For the initial synchronization of model instances, the tool takes advantage of the fact that there are no updates of existing feature values or deletions of objects, and the representation of model instances as deltas is circumvented, as the type of the delta, \(\mu \), is known. The computational cost of the push-based synchronization strategy is linear in the size of feature values, which can be undesirable for the initialization phase for very large model instances. Subsequent incremental propagation of updates, once the model instance has been synchronized with its view, is usually instant, as shown in the experimental results, because the size of updated feature values tends to be a fraction of the original model instance size. That is, updates can be propagated in real-time − in less than 1 ms. for updates affecting about \(10^3\) objects and in ms. for updates affecting about \(10^5\) objects − where objects may contain several feature values.

The implementation of this synchronization policy uses the fact that feature values can be indexed by the object identifier and by the feature name so that the search for the feature value to be synchronized is obtained in constant time. The pull-based synchronization strategy, only available for the initial stage at the moment, is also linear but only in the size of the feature values that are accessed in the actual computation in the EMF application, thus avoiding unnecessary propagations for executing the task at hand. We refer the reader to Sect. 6, where we justify the pragmatism of the pull-based strategy when dealing with benchmark model queries and updates. An additional example showing how \(\textsc {EMF-Syncer\ }\) can be used in practice for implementing round-trip scenarios in java web services is available at [8].

6 Empirical evaluation

In this section, we investigate whether the proposed synchronization model is a pragmatic approach to adopting MDE tooling by checking to what extent \(\textsc {EMF-Syncer\ }\) allows us to apply EMF-based tools to a representative Java program at run time. Two main research questions are considered:

RQ1: What is the overhead imposed by the synchronization algorithm, both during the initial phase and during the incremental propagation phase, to perform queries? For the analysis of this question, three dimensions are considered: the time taken for syncing feature values, the time taken to perform tasks (queries and updates) with them, and the memory used.

Regarding the first dimension, an implementation of a basic algorithm that maps Java objects to EMF objects is considered. This algorithm is domain-specific − that is, specific to a domain model, − can only be executed in batch mode and does not offer synchronization. Therefore, its raw performance sets a baseline for comparing the overhead incurred by additional functionality.

Regarding the second dimension, we are using the TPC Benchmark DS [36]. The purpose of the TPC benchmark is to provide relevant, objective performance data to industry users. The current version of the TPC-DS benchmark considers emerging technologies, such as big data systems.
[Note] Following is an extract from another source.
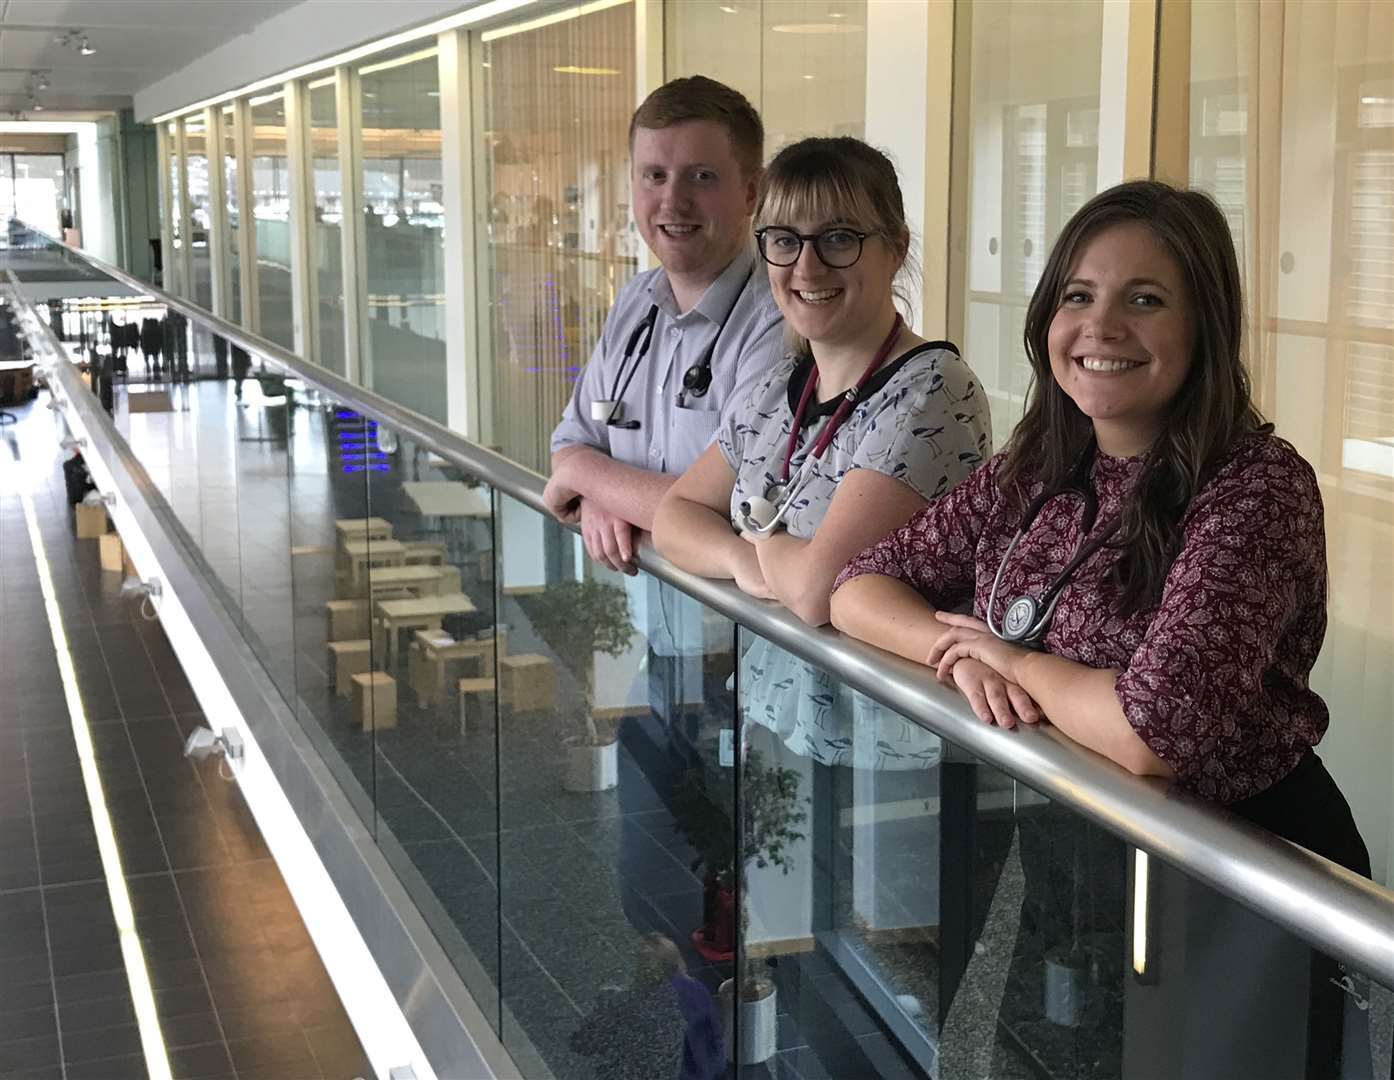 Physician associate students (from left) Liam Allan, Katya MacKenzie and Frances Seahafer.

This benchmark allows us to generalize our findings to common functionality found in decision support systems used in industry and that may involve very large data sets.
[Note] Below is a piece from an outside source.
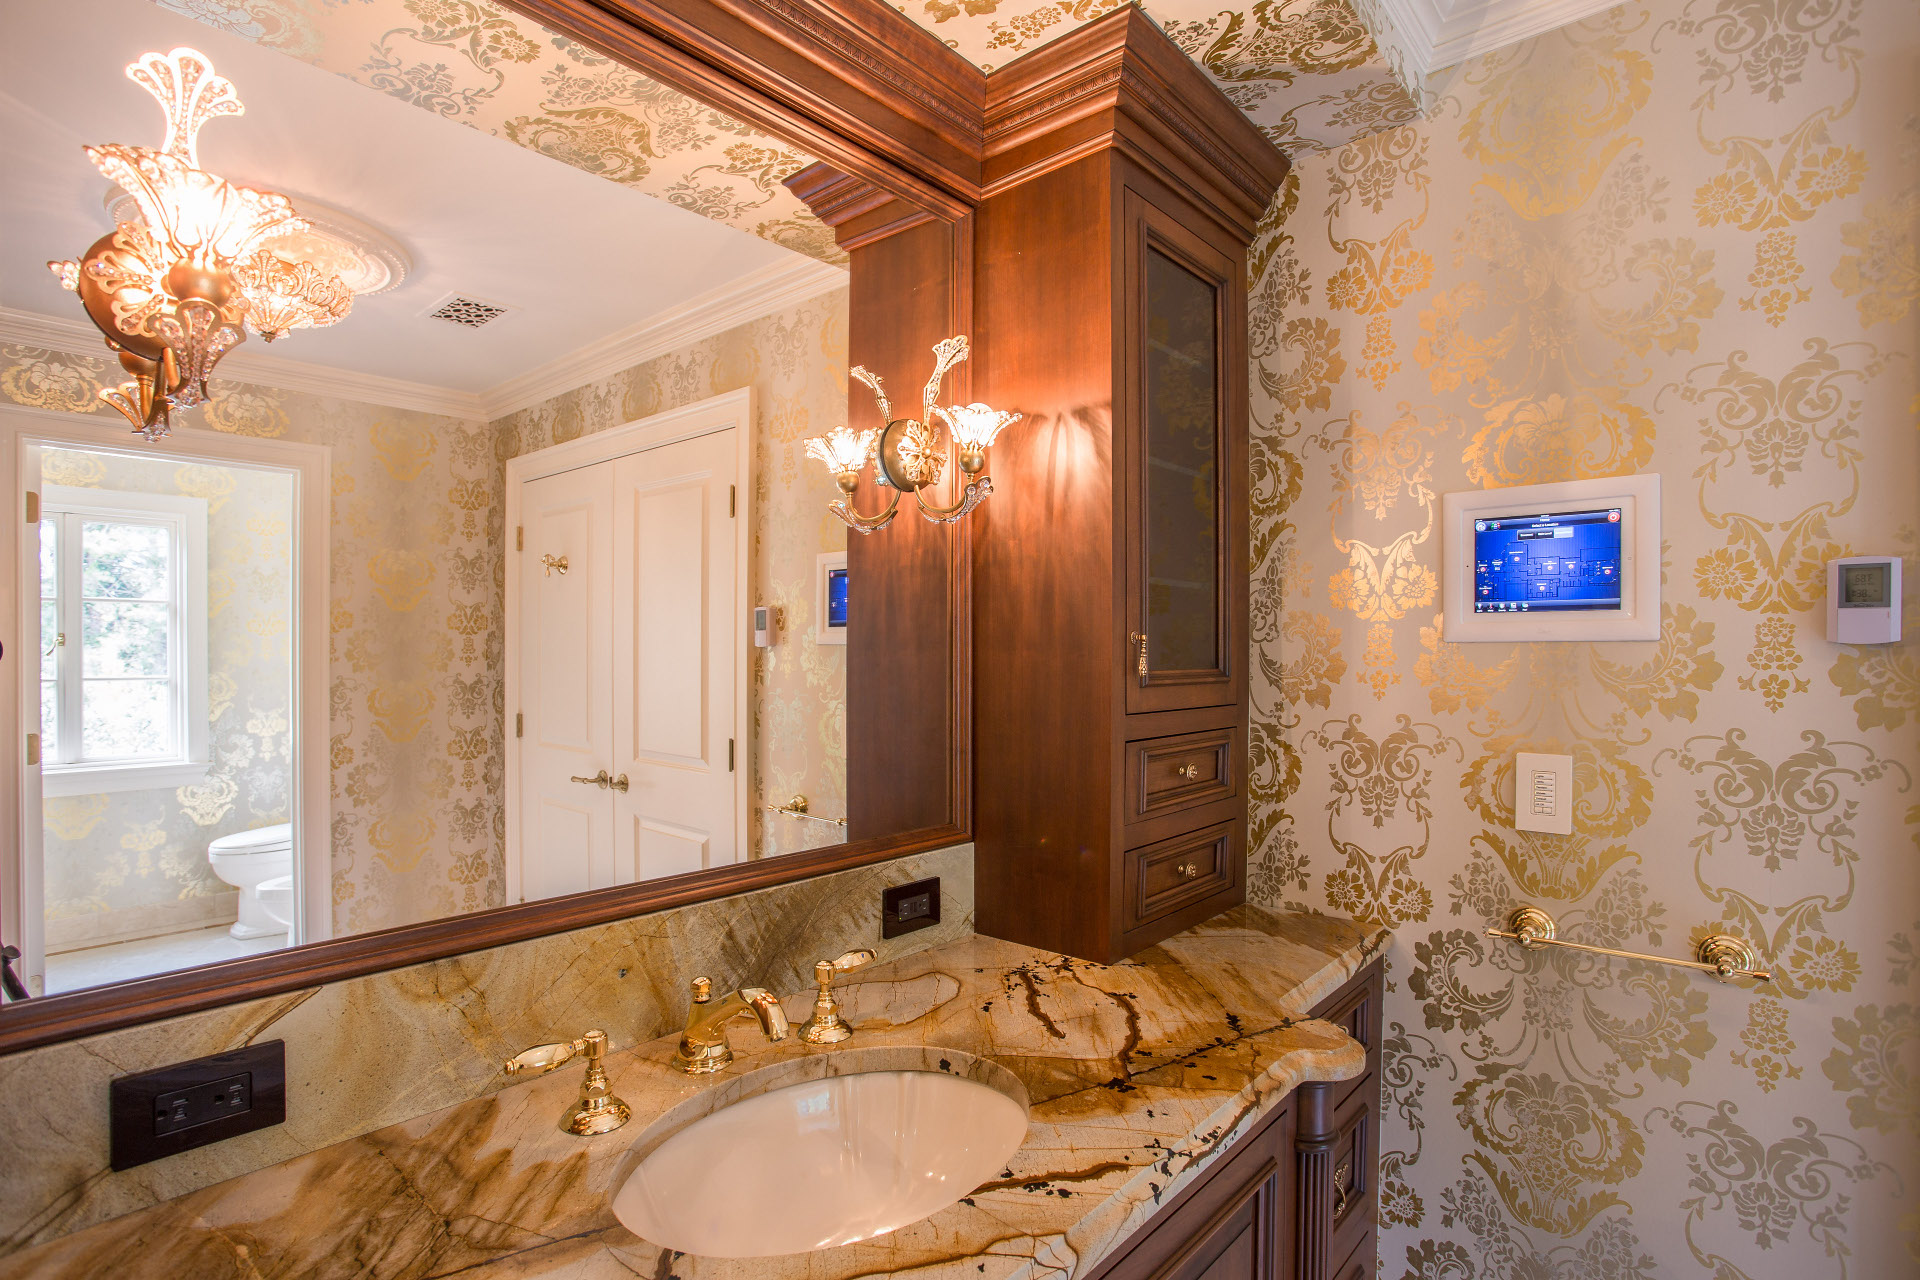 Bathroom and Touchpanel

Five tasks have been analyzed: a selection of the store returns corresponding to a given customer (Q1) together with an update that adds one store return to the customer (B1); an invariant that checks that store returns have valid identifiers (Q2); and a typical big data query, extracted from the benchmark [36, B.1], which finds customers who have returned items more than 20

These five tasks have been implemented in SQL, using the query template facilitated in the benchmark specification for Q3, in Java and EMF. The SQL implementation executes SQL native queries via the Spring Data JDBC templateFootnote 5 considering that they only return lists of strings, minimizing fetching time. The Java and the EMF implementations are exactly the same, but for the implementation of the domain classes, which are declared in a different namespace. In addition, the Java domain classes are linked to a MariaDB relational databaseFootnote 6 via JPA and the EMF domain classes only contain the feature values, thus forming a view model, that are relevant for the tasks to be computed. The correctness of the Java/EMF queries is cross-checked with the results obtained with the corresponding SQL queries for each database every time a query is executed.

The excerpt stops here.